我可以幫你解決兩個問題。 1-分層抽樣 兩分訓練&測試(即校準驗證)
n = c(2.23, 3.5, 12,2, 93, 57, 0.2,
33, 5,2, 305, 5.3,2, 3.9, 4)
s = c("aa", "bb", "aa","aa", "bb", "cc","aa", "bb",
"bb","aa", "aa","aa","aa","bb", "cc")
id = c(1, 2, 3,4, 5, 6,7, 8, 9,
10, 11, 12,13, 14, 15)
df = data.frame(id, n, s) # df is a data frame
source("http://news.mrdwab.com/stratified")
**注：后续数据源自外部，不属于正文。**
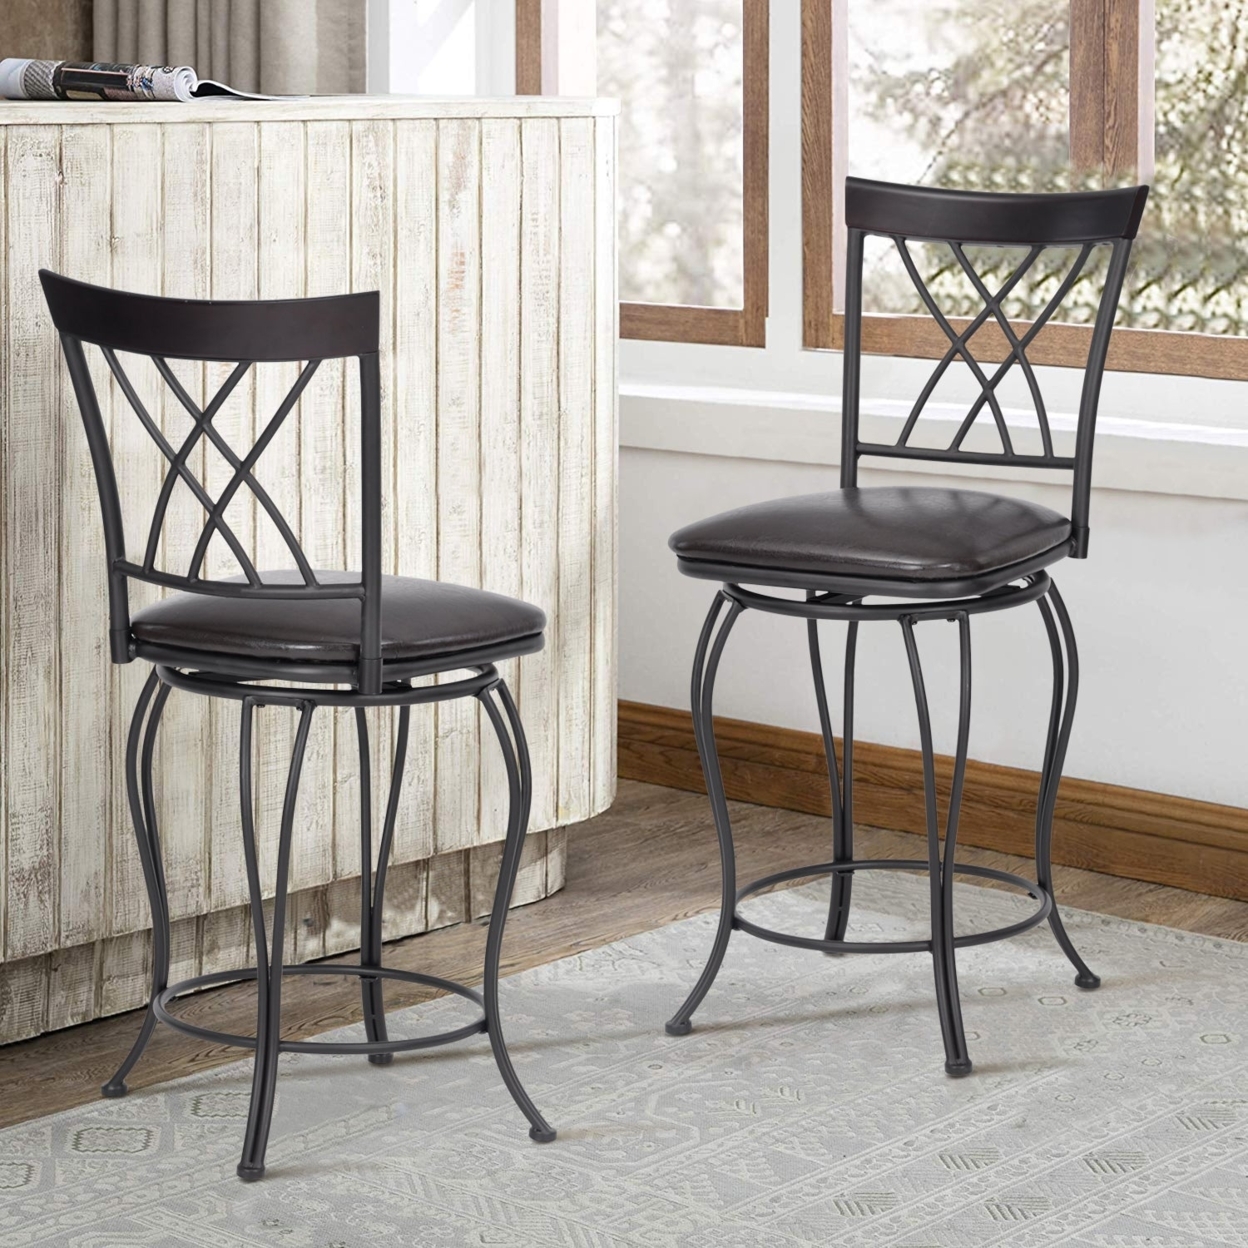 Dining Bar stool Black Easy Assemble Kitchen Bar Chairs, Set of 2, X-Shape Back - Bar Stool

sample<- stratified(df=df,
id=1, #ID of your dataframe,
#if there isn't you have to create it
group=3, #the position of your predictor features
size=2, #cardinality of selection
seed="NULL")
#then add a new column to your selection
sample["cal_val"]<- 1
#now, you have a random selection of group 3,
#but you need to split it for cal and val, so:
sample2<- stratified(df=sample, #use your previous selection
id=1,
group=3, #sample on the same group used previously
size=1,#half of the previous selection
seed="NULL")
sample2["val"]<- 1
#merge the two selection
merge<- merge(sample, sample2, all.x=T, by="id")
merge[is.na(merge)] <- 0 #delete NA from merge
#create a column where 1 is for calibration and 2 for validation
merge["calVal"]<- merge$cal_val.x + merge$cal_val.y
#now "clean" you dataframe, because you have too many useless columns
id<- merge$id
n<- merge$n.x
s<- merge$s.x
calval<- merge$calVal
final_sample<- data.frame(id, n, s, calval)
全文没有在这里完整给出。